Как бы то ни было, но отдохнули мы в этой новой гостинице отлично. Правда, если дед прав в своих предположениях — больше меня сюда не пригласят, а предложение о выкупе, так сказать, моей доли я получу уже в сентябре. Причём, если этот архитектор очень близок к графскому роду или вовсе входит в него, то оно будет не слишком щедрым, и на этом все «особые» отношения с Кайриными могут прекратится. Немного обидно, если всё обернётся таким образом, но дед прав: уже оказанная услуга ничего не стоит. А оказывать ли новую — я ещё подумаю. Например, предлагать ли ягоды с моей изнанки для выращивания в академии.
Но все мысли о делах — потом, после возвращения домой! Я даже по мобилету со своими почти не связывался — только один раз в день или по-настоящему экстренные новости. Хотя самую, не знаю даже, как её охарактеризовать — заковыристую, что ли, новость узнал из газет. Местная пресса вообще как-то много внимания уделяла событиям с той стороны моря, в первую очередь из Швеции, но и Норвегию не обходили стороной. Не так, чтоб уж очень много материала о событиях в Скандинавии, но практически в каждом номере каждой газеты хотя бы одна заметка с полуострова, а была.

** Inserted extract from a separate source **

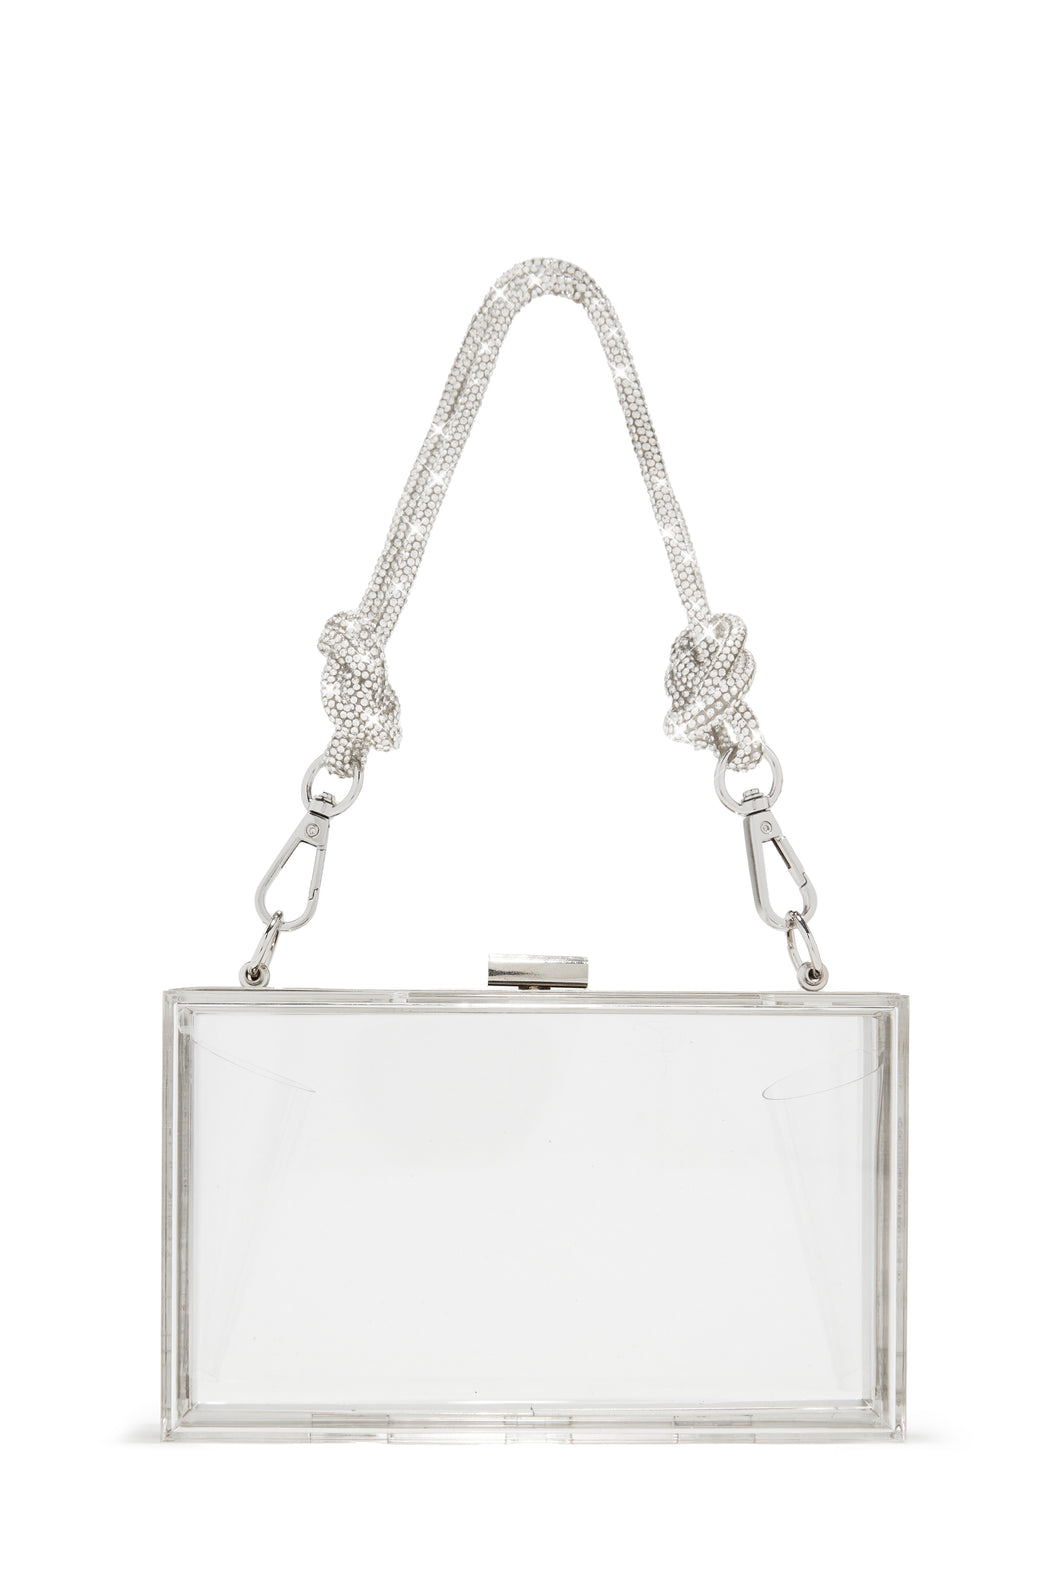 Script Clear Acrylic Clutch - A Touch of Sparkle

Ещё когда высчитывали грузоподъёмность пикапа — а это, напомню, сто двадцать ящиков по дюжине бутылок в каждом, тысяча четыреста сорок бутылок всего — задумался о том, что число не круглое. Убрать три ящика — не дело, оставшиеся бултыхаться будут. Добавить пять ящиков в салон? Тоже неудобно, людям на них неделю почти жить. В итоге определил так: тысяча четыреста — на продажу, оставшиеся сорок — аварийный запас (если вдруг где-то что-то разобьётся) и в распоряжение Клима. Гостинец кому-то передать, где-то процесс ускорить, может, даже посидеть с кем-то. Он же распорядился запасом иначе. Четыре бутылки всё-таки раскололись, это определили почти сразу по запаху, а потом уже на месте посчитали ущерб. Причём все четыре — в разных частях кузова, как и почему — пёс их знает, может, дефект стекла, может, так сложились волны от вибраций и ударов по подвеске. Две ушли морякам: одна — чтоб дополнительно закрепили автомобиль, вторая — чтобы разрешили одному из наших оставаться в кабине для охраны. Так-то всех пассажиров с грузовой палубы выгоняли, но сопровождавшие ценный груз все так или иначе договаривались с палубной командой, в итоге таких охранников в трюме постоянно было человек десять, которые заодно и друг за другом приглядывали. Ещё одну отдал таможеннику на шведско-норвежской границе.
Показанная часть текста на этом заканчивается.